Every line of the material below should be output exactly as written, with the images skipped.

#### INFORMATION PROVIDED:
· · · · ·

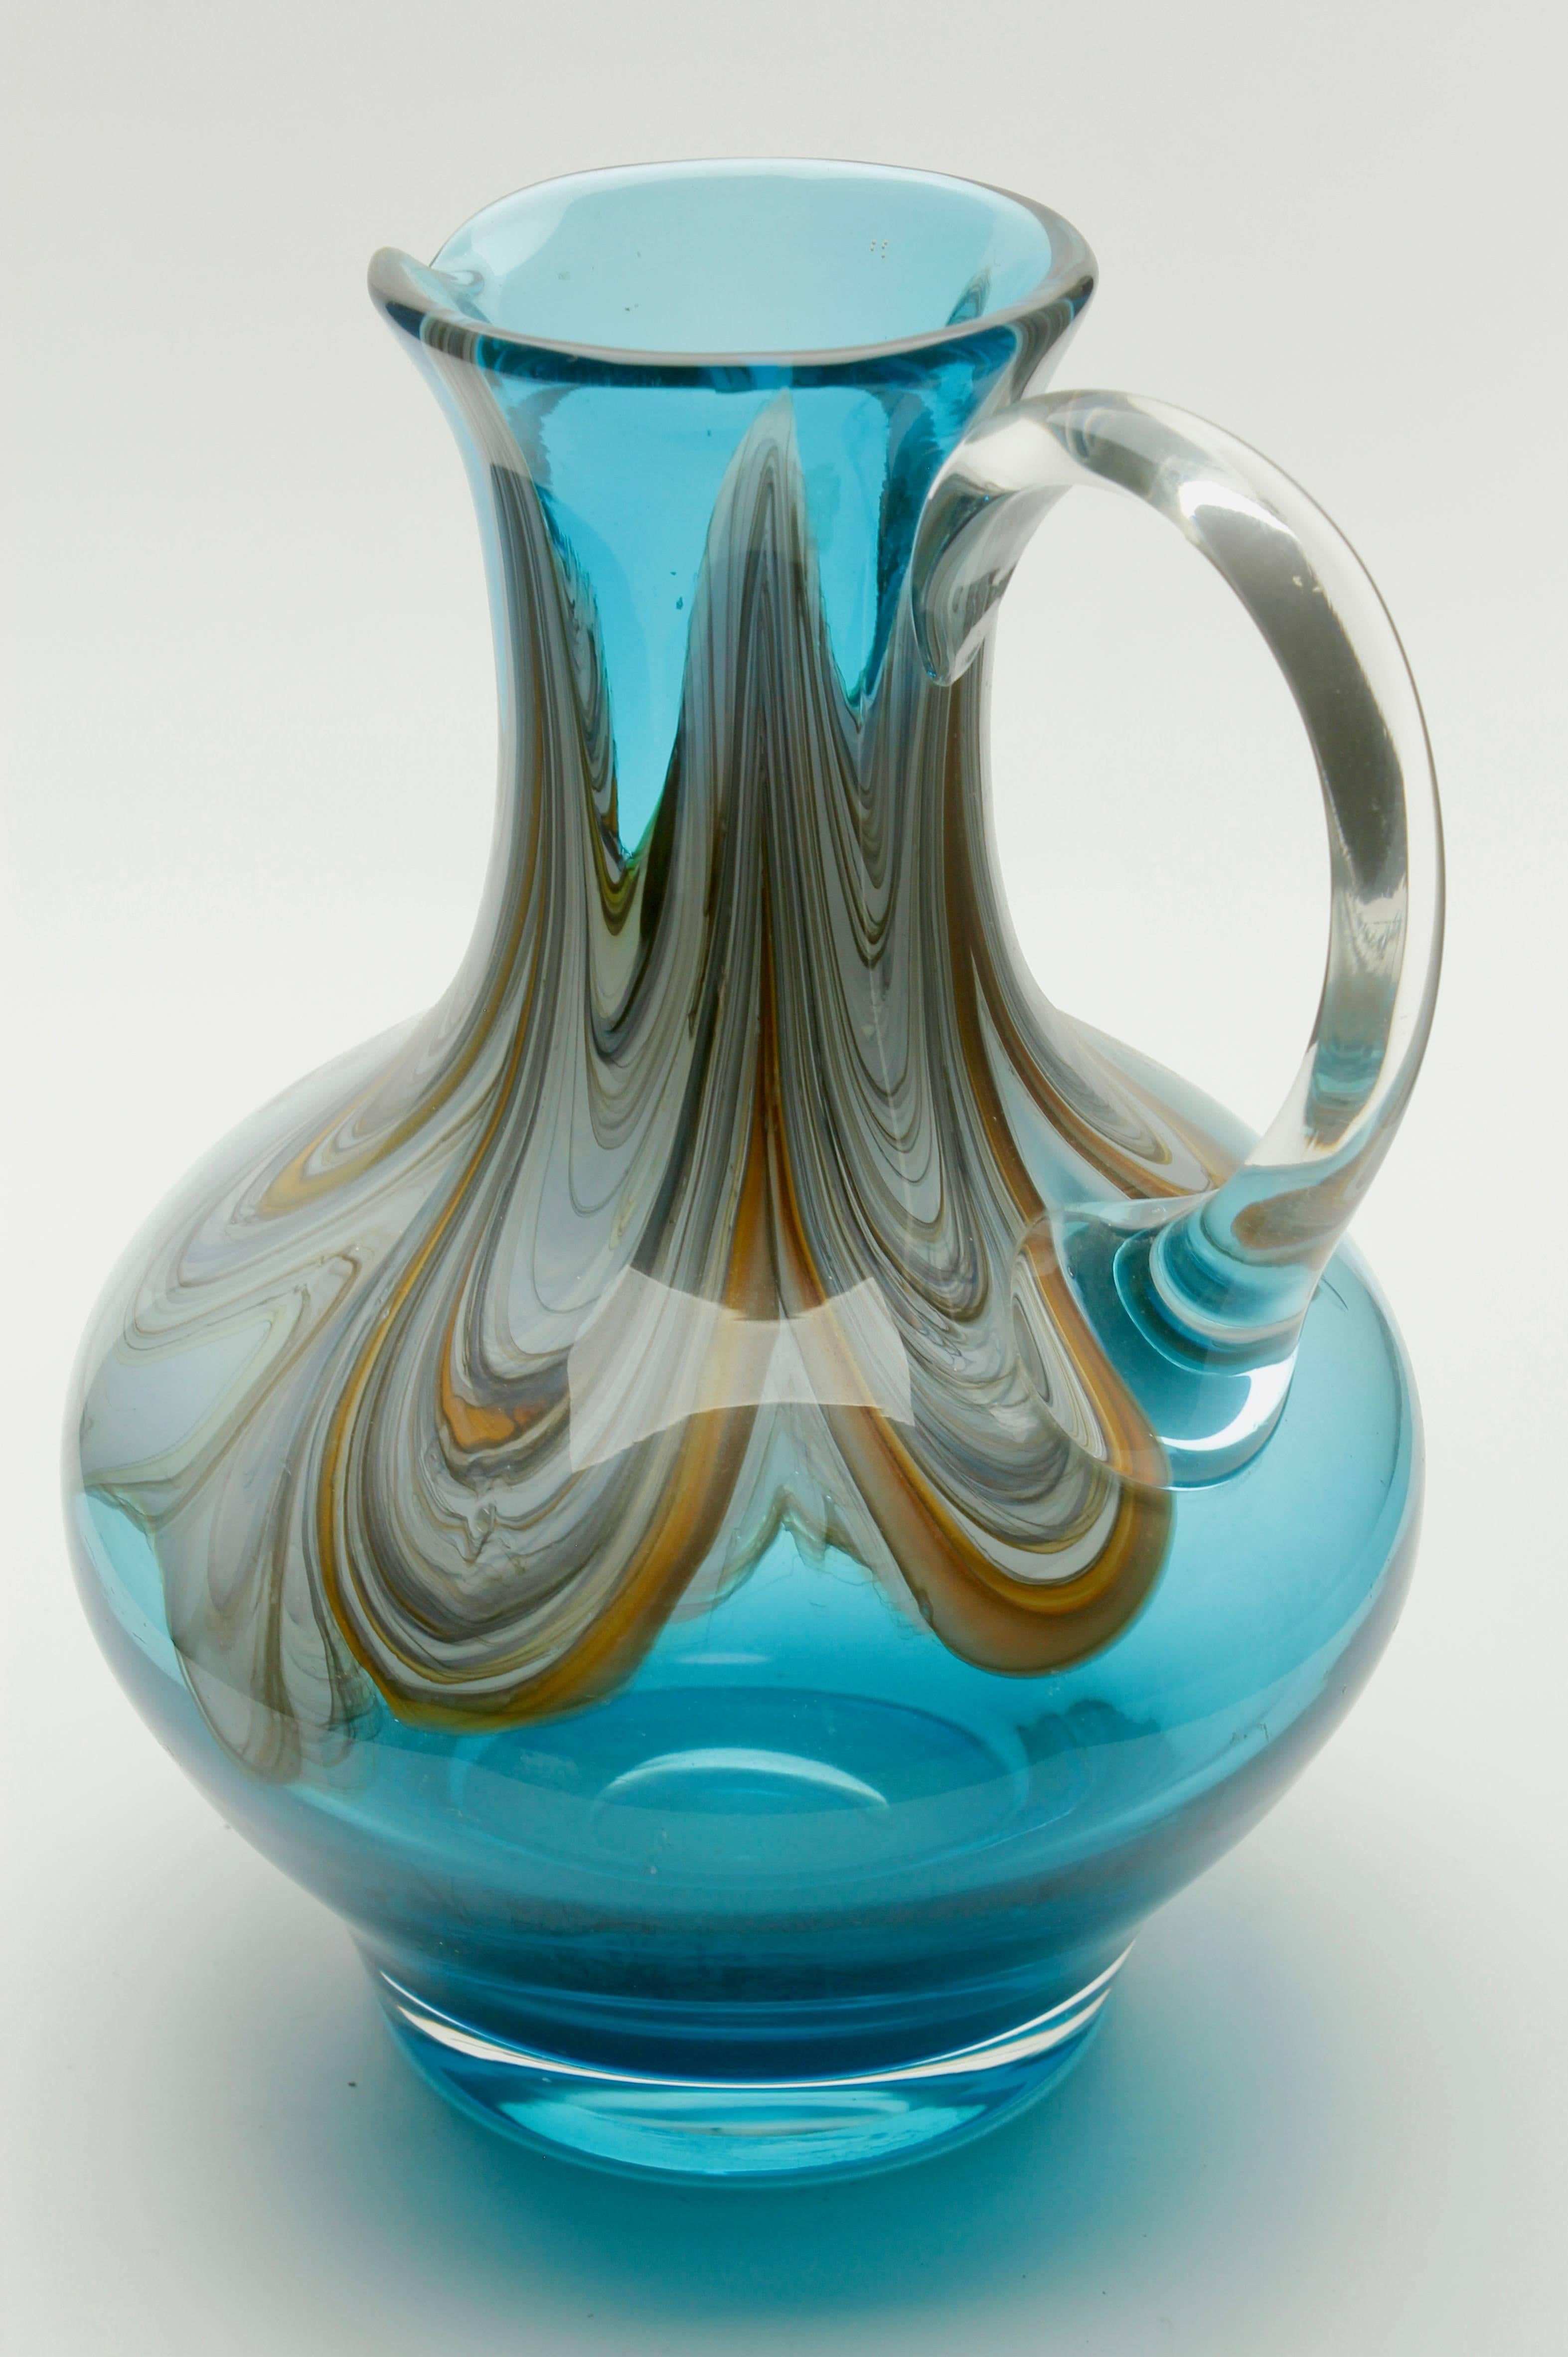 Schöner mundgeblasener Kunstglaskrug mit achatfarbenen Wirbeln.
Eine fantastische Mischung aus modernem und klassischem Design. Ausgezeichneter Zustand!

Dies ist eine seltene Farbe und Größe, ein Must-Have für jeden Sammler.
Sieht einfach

· · · · ·

#### SOLUTION TO THIS EXERCISE:
 Schöner mundgeblasener Kunstglaskrug mit achatfarbenen Wirbeln.
Eine fantastische Mischung aus modernem und klassischem Design. Ausgezeichneter Zustand!

Dies ist eine seltene Farbe und Größe, ein Must-Have für jeden Sammler.
Sieht einfach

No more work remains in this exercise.